Time to break this Seventies streak.
It’s summer now for real. And I’ve never been very partial
to July, except for the fact that there’s no school when you’re a kid. It’s the
month that parallels January, another month I’m not too big on. But that
parallel causes me to reflect that on 22 January I posted about a song called “Winter,”
in the midst of a serious cold wave. So why not a song “about” July here at the
center of the summer?
The Decemberists were a big indie discovery in the early
Aughts. Today’s song is the first song I ever heard by the band, on a disc of
tunes my student Lauren gave me in 2007. The song sent me in search of other
music of theirs, and that led me to what is still my favorite album of theirs, Castaways and Cutouts (2002). Colin
Meloy’s lyrics are almost too literate at times, a wealth of verbiage and
fanciful situations. It had been awhile since I’d encountered someone with such
a knack for turning a phrase.
Meloy’s singing put me in mind, oddly enough, of David
Byrne. Not because there’s much in common in their style, but in the way that
the voice was so unique in its particularity, in a delivery that was
unmistakeable, and, at first, a bit off-putting. Meloy has a certain flatness
of affect, always. And yet there’s a lot of spirit to his songs. They’re mostly
comical—jaunty ditties, shanties and the like—often with the flair of Brit folk
that I like so much.

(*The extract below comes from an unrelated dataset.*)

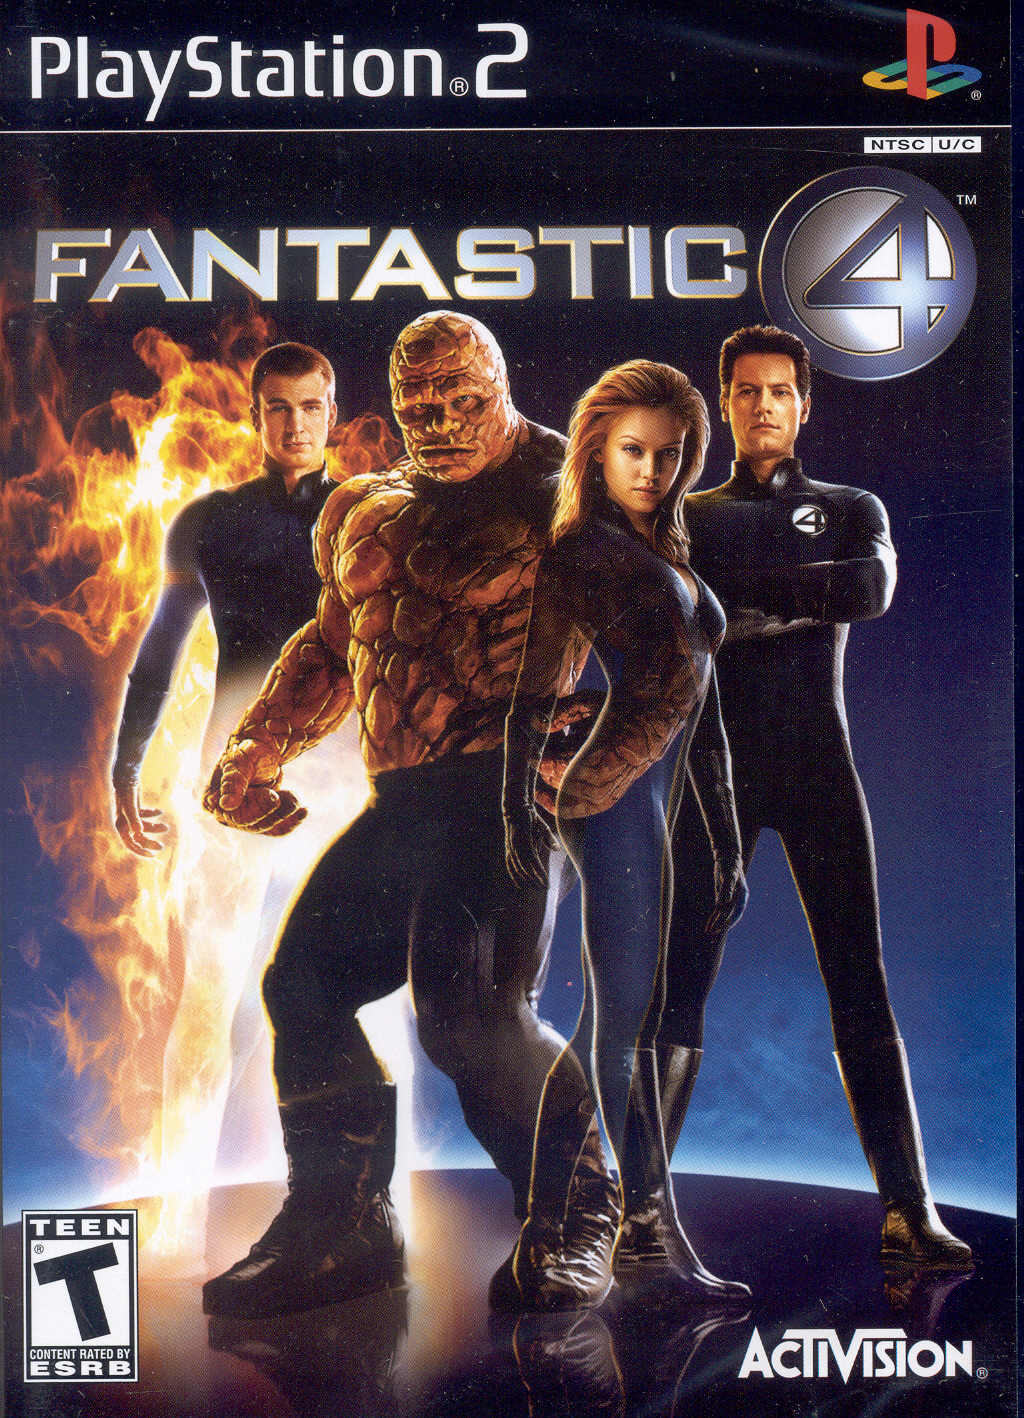 Fantastic Four Games Free

The band is from Portland, and Meloy hails from Montana, but
they must’ve put in some time with classic folk.
“July, July” is fairly unique among The Decemberists’
material, as far as I can tell. The albums I know are Castaways, Picaresque
(2005), The Hazards of Love (2009) and The King is Dead (2011). I’ve seen them
perform twice—once at Spring Fling at Yale and once at Terminal 5 in NYC, the
night after Obama got elected. That was a pretty up night and fun performance.
From my first encounter with the song I liked the way it
comes bubbling in, and the chorus, “July, July, July / It never seemed so
strange” felt full of youthful good cheer. For some reason, the song and the
band seemed swaddled in indie-cred. It was a time of searching out the offbeat
with the idea that every region must have its top products—Athens, GA; Seattle,
WA; Chicago, IL . . . why not Portland, OR, why not Austin, TX . . . It was
their time.
It never seemed so, it
never seemed so stray-yay-yay-yange. Infectious, in an oddball way.
But what really charmed me about the song’s lyrics was the
specificity and randomness of this verse:
And we'll remember
this when we are old and ancient / Though the specifics might be vague / And
I'll say your camisole was a sprightly, light magenta / When, in fact, it was a
nappy bluish gray
The idea of growing old and trying to remember youth appeals
to me, obviously. Surrounded often by college age kids, it’s easy to think in
terms of their youthful times and one’s own. There’s a great distance between
the eras but not the ages. Twentysomething is twentysomething. And in Meloy’s
youthful voice (28 when this album came out) delivering such glibly apt images—the contrast between “sprightly,
light magenta” and “nappy bluish gray”—one hears that insouciant acceptance of
whatever is. Being young is like that. To see that there’s a difference between
the “magenta” that he projects himself recalling and the “bluish gray” of the real
camisole is to see the difference between a chosen image and an actual one. But
what Meloy grasps is that “the specifics might be vague”—which is a throwaway
in the sense that neither “specific” is “vague,” rather their relationship is.
The comparison, we might say, is purely verbal, despite the fact that they
create different visuals. He’s riffing on the possibilities of “recall,”
allegedly, but one senses neither is actual. Unless you want to believe in the
girl in the nappy bluish gray camisole. Which is fine with me. Me, I’m all for
believing in what the imagination furnishes whenever it chooses not to be “vague.”
This is the story of the road that goes to my house
And what ghosts there do remain
Meloy is a writer whose material often touches on matters that appeal to my imagination (still on the trail of ghosts, one way or another). Other times, like the mention of the gut-shot French Canadian, the songs incorporate stories and figures that almost overwhelm one's identification, at least for me. And yet Meloy has a great ability to match a melodic line to a verbal line that got and kept my attention for a while. The King is Dead was, in some ways, their strongest overall album, but it's not likely they'll match again the dreaming awake quality that captivates me in their first full-length album.